With respect to reconstruction of disclosure history, two sets of costs would exist. On electronic records, fields for disclosure reason, information recipient, and date would have to be built into the data system. The fixed cost of the designing the system to include this would be a component of the $90 million additional costs discussed earlier. The ongoing cost would be the data entry time, which should be at de minimis levels. Comments would again be especially useful with respect to the extent to which recording the additional information goes beyond current practice.

Authorizations

Although many States have laws that require entities to obtain patient authorization before releasing individually identified health information to payers and other third parties, many of the authorization requirements either allow for blanket authorizations that deprive the patient of meaningful control over the release of their health information, or the authorization statutes are less stringent than the provisions of the proposed rule. Therefore, for purposes of estimating the economic impact of the NPRM, we are assuming that all providers and plans will have to develop new procedures to conform to the proposed rule.
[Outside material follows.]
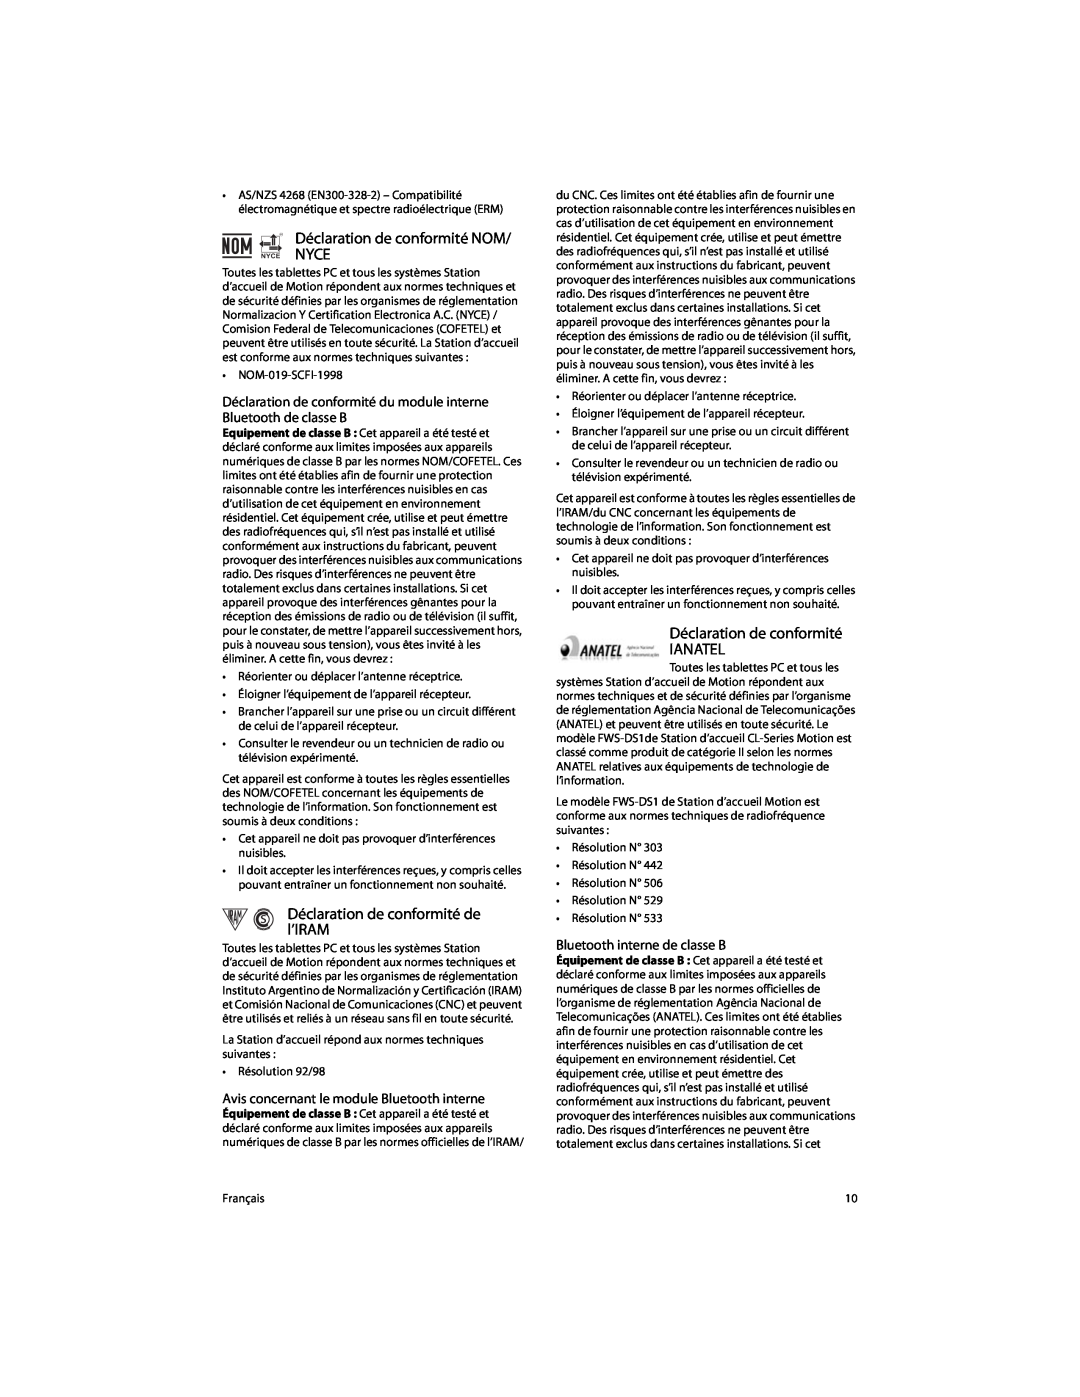 Motion Computing FWS-DS1 warranty Déclaration de conformité NOM, l’IRAM, Déclaration de conformité IANATEL 
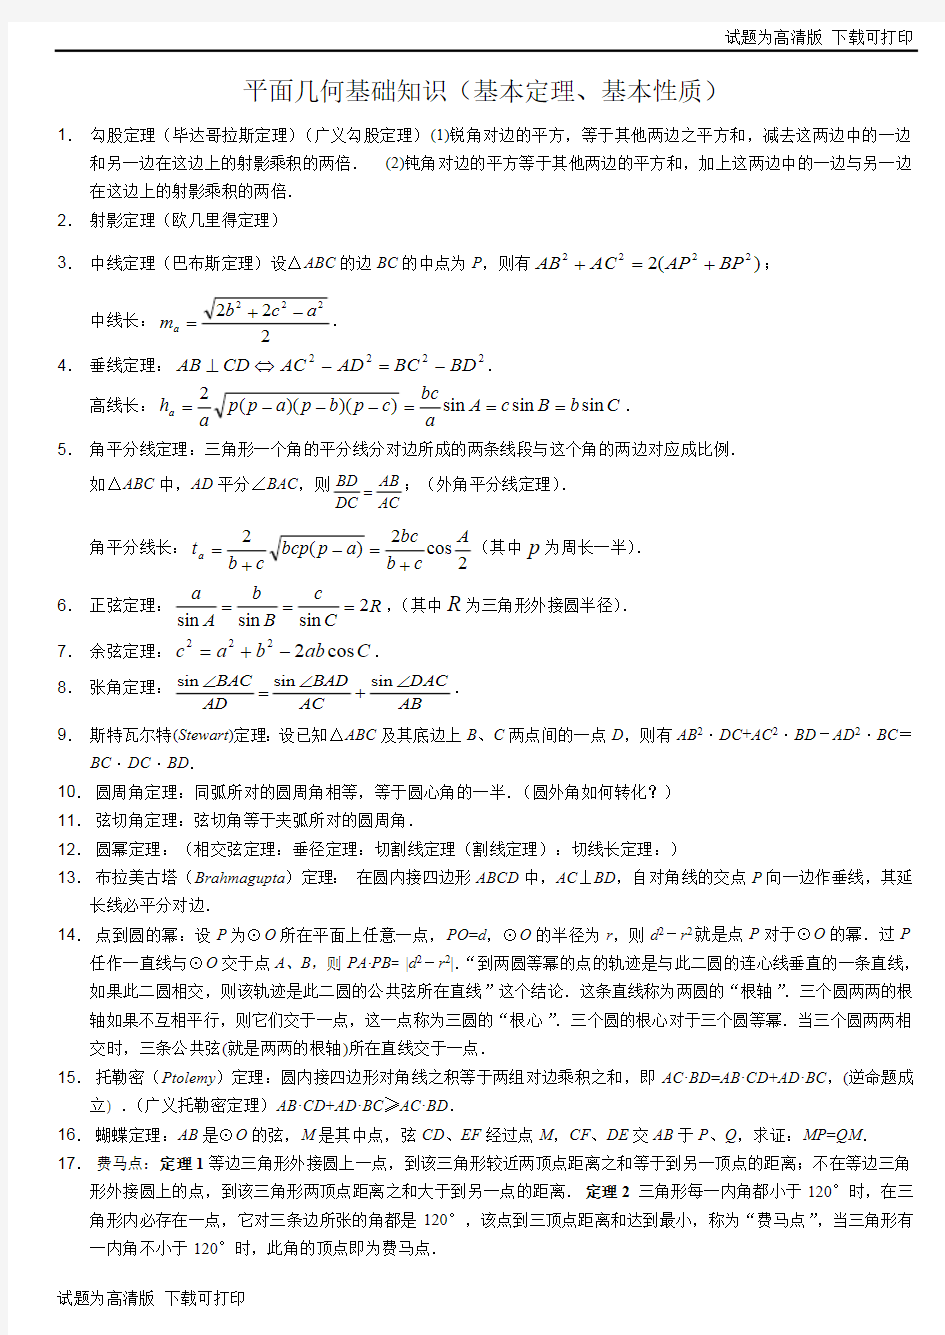 高中数学竞赛平面几何基本定理.pdf

Written patient authorization requirements will generate costs, to the extent covered entities are currently releasing information in the targeted circumstances without specific authority. Collecting such authorization should have costs on the order of those associated with providing access to records (not on a per page basis). The frequency of such collections is unknown. Since the requirement does not apply to treatment and payment, assuming 1 percent of the 543 million encounters over five years might be reasonable. At a cost of about $10 each, the aggregate cost would be about $54 million annually, or $271million over five years. Comments would be especially useful from entities currently following such procedures.

Training

The ongoing costs associated with paperwork and training are likely to be minimal. Because training happens as a regular business practice, and employee certification connected to this training is also the norm, we estimate that the marginal cost of paperwork and training is likely to be small. We assume a cost of approximately $20 per provider office, and approximately $60-100 for health plans and hospitals. Thus, we estimate that the total cost of paperwork and training will be $22 million a year.

Conclusion

Overall, the five-year costs beyond those already shown in the administrative simplification estimates would be about $3.8 billion over five years, with an estimated range of $1.8 to $6.3 billion. Table 2 shows the components described above. The largest cost item is for amendment and correction, which is over half of the estimated total cost of the regulation. Inspection and copying, at $405 million over five years, and issuance of notices by providers and plans, at $439 million over five years, are the second biggest components. The one-time costs of development of policies and procedures by providers would represent approximately 10 percent of the total cost, or $333 million. Plans and clearinghouses would have a substantially smaller cost, about $62 million. Other systems changes are expected to cost about $90 million over the period. Finally, the estimates do not consider all of the costs imposed by the regulation.